Mercury is primarily a neurotoxin, which means it attacks the central nervous system. Its effects are often subtle enough not to be recognized immediately, but more and more people are learning that their health problems could be due to mercury exposure.
Nervous system problems can include impaired coordination, tremors, irritability, memory loss, depression, blurred vision and a tingling sensation in the skin. Other symptoms include fatigue, headache, decreased concentration and muscle or joint pain.
Adverse health effects from mercury in fish diets can range from subtle nervous system effects to more serious mercury poisoning, depending on how much and how often fish is eaten and how much mercury is in the fish.
An EPA scientist estimated that one in ten pregnant women has enough mercury in her blood to pose neurological risks to her developing baby. This means that hundreds of thousands of newborns each year in the United States may be exposed to enough mercury to hinder nervous system development.
Perhaps the greatest concern about mercury is its effect on the early development of the fetus and later effects on childhood development.

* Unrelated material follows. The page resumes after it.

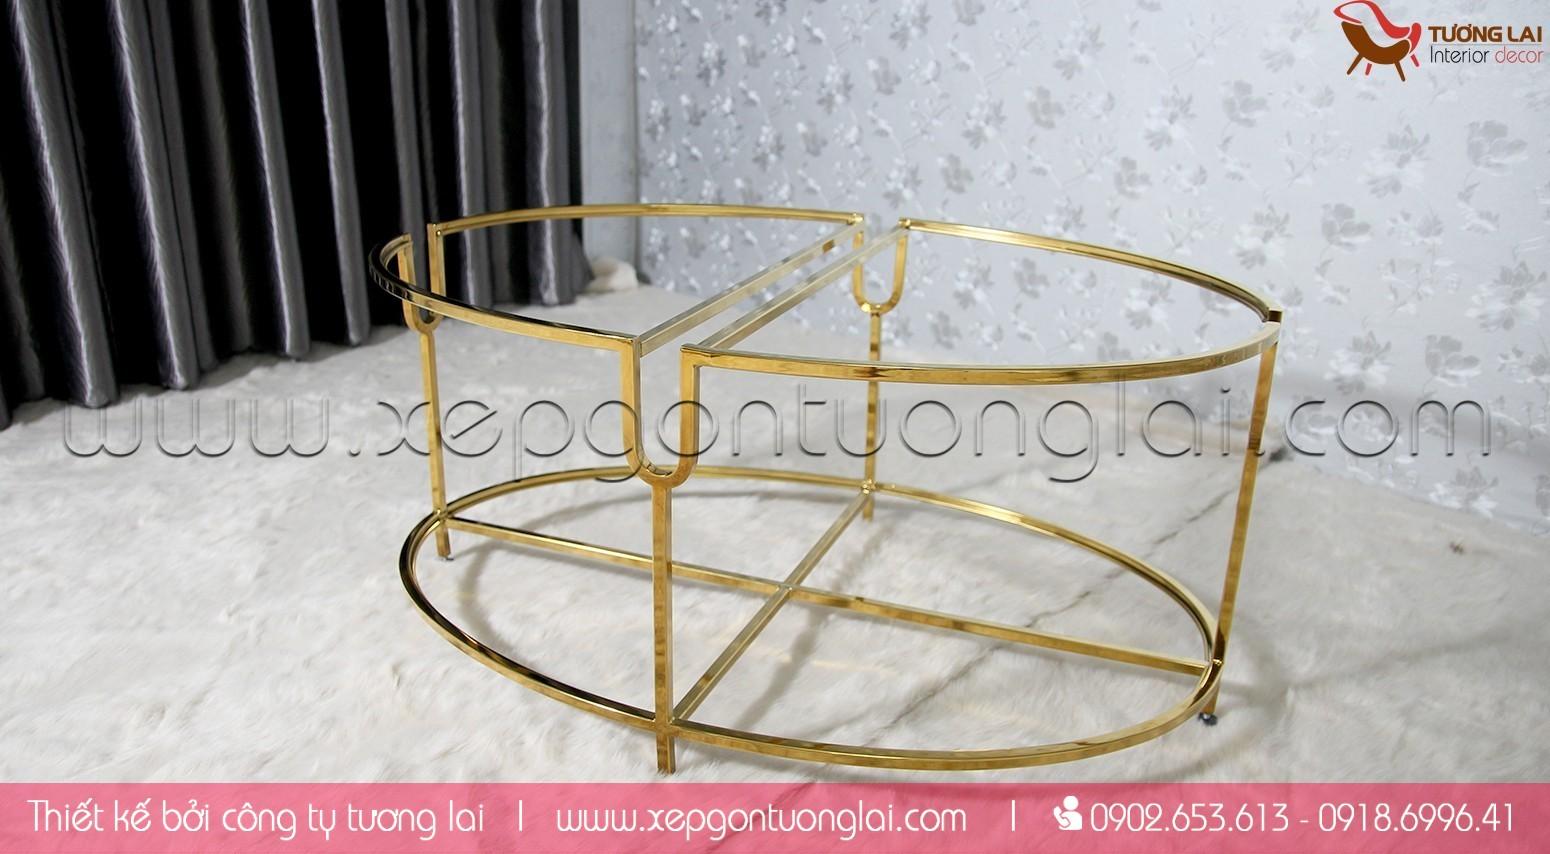 Gia Công Inox - Bàn sofa oval inox si vàng

Methylmercury can travel across the placenta from the mother to the fetus, meaning exposure to the dangerous poison often begins in the womb during a baby's most vulnerable developmental period. Children and fetuses are also harmed by lower concentrations of mercury than it takes to hurt adults.
At least 12 scientific studies have linked mercury to cardiovascular diseases including increased blood pressure, irregular and increased heart rate and increased rates of death from heart attacks.
Mercury is among a group of chemicals that can cause infertility according to the National Research Council. It is believed that mercury exposure can lead to spontaneous abortions.
Kidney Damage and Cancer
Mercury causes kidney damage and is classified as a "Possible Human Carcinogen" by the EPA and IARC. While there is inadequate information to draw a conclusion based on human studies, it has been shown to cause kidney tumors in male laboratory mice.